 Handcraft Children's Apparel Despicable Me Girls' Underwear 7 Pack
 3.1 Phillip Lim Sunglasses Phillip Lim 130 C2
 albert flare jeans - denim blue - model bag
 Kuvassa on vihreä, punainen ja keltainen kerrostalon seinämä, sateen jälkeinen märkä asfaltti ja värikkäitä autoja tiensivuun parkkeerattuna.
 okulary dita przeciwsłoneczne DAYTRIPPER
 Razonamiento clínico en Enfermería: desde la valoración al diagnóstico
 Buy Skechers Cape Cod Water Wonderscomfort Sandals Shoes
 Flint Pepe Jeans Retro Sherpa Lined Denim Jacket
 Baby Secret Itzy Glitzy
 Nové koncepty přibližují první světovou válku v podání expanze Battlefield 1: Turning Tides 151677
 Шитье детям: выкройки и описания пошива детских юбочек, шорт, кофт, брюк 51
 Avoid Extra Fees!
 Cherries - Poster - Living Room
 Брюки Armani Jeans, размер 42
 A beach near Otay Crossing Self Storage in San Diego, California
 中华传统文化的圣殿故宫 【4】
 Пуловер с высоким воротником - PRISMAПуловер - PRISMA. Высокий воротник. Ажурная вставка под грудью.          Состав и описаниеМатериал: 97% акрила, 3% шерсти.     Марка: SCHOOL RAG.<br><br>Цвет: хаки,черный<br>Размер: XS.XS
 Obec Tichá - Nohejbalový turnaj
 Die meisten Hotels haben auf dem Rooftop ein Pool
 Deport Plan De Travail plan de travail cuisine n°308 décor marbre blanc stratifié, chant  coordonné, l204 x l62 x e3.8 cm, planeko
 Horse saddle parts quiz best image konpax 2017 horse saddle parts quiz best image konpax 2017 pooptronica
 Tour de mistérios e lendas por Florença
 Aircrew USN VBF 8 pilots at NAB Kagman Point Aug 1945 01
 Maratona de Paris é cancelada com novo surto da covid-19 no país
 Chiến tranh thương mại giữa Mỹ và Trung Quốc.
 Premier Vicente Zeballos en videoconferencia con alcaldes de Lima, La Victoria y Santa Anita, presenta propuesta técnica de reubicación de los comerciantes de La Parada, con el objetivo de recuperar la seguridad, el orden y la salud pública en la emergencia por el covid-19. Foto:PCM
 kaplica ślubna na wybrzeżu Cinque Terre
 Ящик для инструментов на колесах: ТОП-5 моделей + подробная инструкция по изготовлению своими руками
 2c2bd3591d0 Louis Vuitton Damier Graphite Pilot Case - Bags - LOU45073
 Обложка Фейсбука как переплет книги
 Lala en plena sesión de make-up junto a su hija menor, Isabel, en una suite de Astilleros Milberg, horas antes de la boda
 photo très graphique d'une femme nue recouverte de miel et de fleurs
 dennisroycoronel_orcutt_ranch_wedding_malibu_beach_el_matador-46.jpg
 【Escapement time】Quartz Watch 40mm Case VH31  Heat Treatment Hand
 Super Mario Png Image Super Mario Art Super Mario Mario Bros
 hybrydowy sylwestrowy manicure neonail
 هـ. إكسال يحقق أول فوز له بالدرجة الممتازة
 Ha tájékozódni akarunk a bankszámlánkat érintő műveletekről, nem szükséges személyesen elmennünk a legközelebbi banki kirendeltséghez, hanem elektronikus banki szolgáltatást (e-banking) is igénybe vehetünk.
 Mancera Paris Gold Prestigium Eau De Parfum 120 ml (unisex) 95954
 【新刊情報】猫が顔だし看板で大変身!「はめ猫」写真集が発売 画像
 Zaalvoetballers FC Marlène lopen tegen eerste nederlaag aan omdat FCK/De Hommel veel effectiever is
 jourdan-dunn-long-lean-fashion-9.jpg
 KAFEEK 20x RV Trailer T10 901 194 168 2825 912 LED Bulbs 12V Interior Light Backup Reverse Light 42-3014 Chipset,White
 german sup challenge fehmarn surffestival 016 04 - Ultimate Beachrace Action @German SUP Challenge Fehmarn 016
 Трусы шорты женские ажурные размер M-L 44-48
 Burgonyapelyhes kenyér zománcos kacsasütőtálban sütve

EXERCISE DIRECTIONS – Check each line of the records above for the string "Paris", and report every line that has it.

FINISHED EXERCISE –
 Maratona de Paris é cancelada com novo surto da covid-19 no país
 Mancera Paris Gold Prestigium Eau De Parfum 120 ml (unisex) 95954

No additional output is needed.